The realization that living organisms can transmute elements, together with additional experiments with hens, led Kervran to a solution the mystery of the hard-shelled chicken eggs. He had observed that hens in regions with granite soils (such as Brittany) needed no additional source of calcium to produce calcium rich eggshells. But hens in regions with clay soils do need a sufficient calcium supply unless they are given mica (which is common in granite regions). Kervran used this information to postulate that the hens transmute some of the potassium in the mica into calcium, which they then use to form the eggshells. Hence chickens, like men, are seen to be highly competent alchemists, transmuting base or less useful elements into very valuable ones.
As when Von Herzeele published his findings over a hundred years before, the publication of Kervran's results in 1960 generated a storm of controversy. Old, established and widely accepted notions rarely bow out gracefully. And the idea of the fundamental primacy of the physical elements is still very strong in the biological sciences. Yet there are definite signs that this time these discoveries will not simply be buried under an avalanche of irrational derision. For instance, P. Baranger, chief of a noted organic chemistry laboratory in Paris, has repeated Von Herzeele's experiments using the full rigor and precision possible today. His results were in full agreement with Von Herzeele's.
There is no possibility of even mentioning all the fascinating evidence about the transmutations provided by Louis Kervran's book. However, the weight of the experimental data offered by him and others suggests that the scientific community may be headed toward an acceptance of the idea of biological transmutations of the elements. The implications of such a change of thought could be profound. Philosophically, the idea of the relative changelessness of the physical elements led most scientists to see life as an aspect of matter. Now it is finally realized that in fact it is the living organisms which transform the elements. Hence it is life that is more relatively permanent than the matter which forms the raw material for the bodies or vehicles of living beings. Thus one might say that it is physical matter which conforms to the laws of life, of consciousness, rather than the reverse.
Thus also would the consciousness of Western mankind be freed from the degrading and unjustified assertion that man is but a mass of highly sophisticated dirt.

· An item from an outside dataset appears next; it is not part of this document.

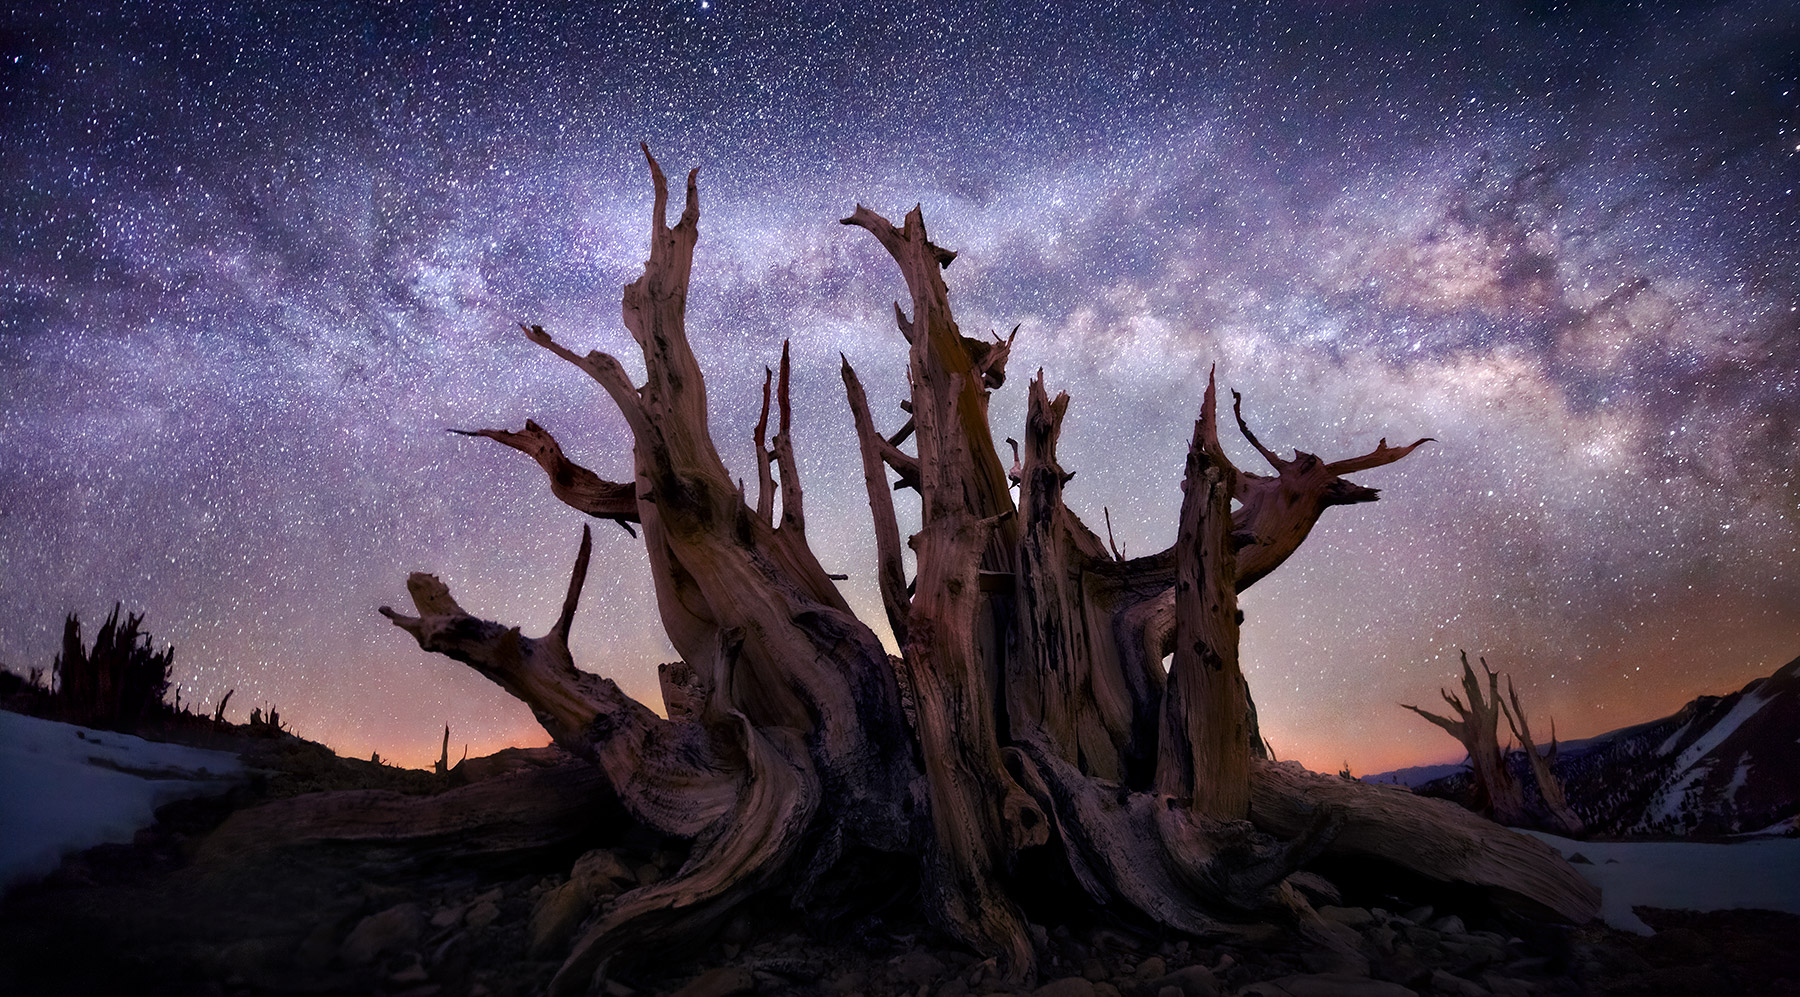 This is a 150-degree field of view across the milky way over an ancient, 5-meter wide Bristlecone Pine, the oldest living things...

Instead, we might see ourselves, even from the scientific viewpoint, as living, self-conscious beings, whose dignity arises not out of our material intricacy, but out of our own inherent life essence And hence we may see ourselves, not as competitors in a material struggle for dominance, but rather as brothers, each sharing an inviolable life essence, each helping all others to grow — to become an ever more harmonious expression of the whole.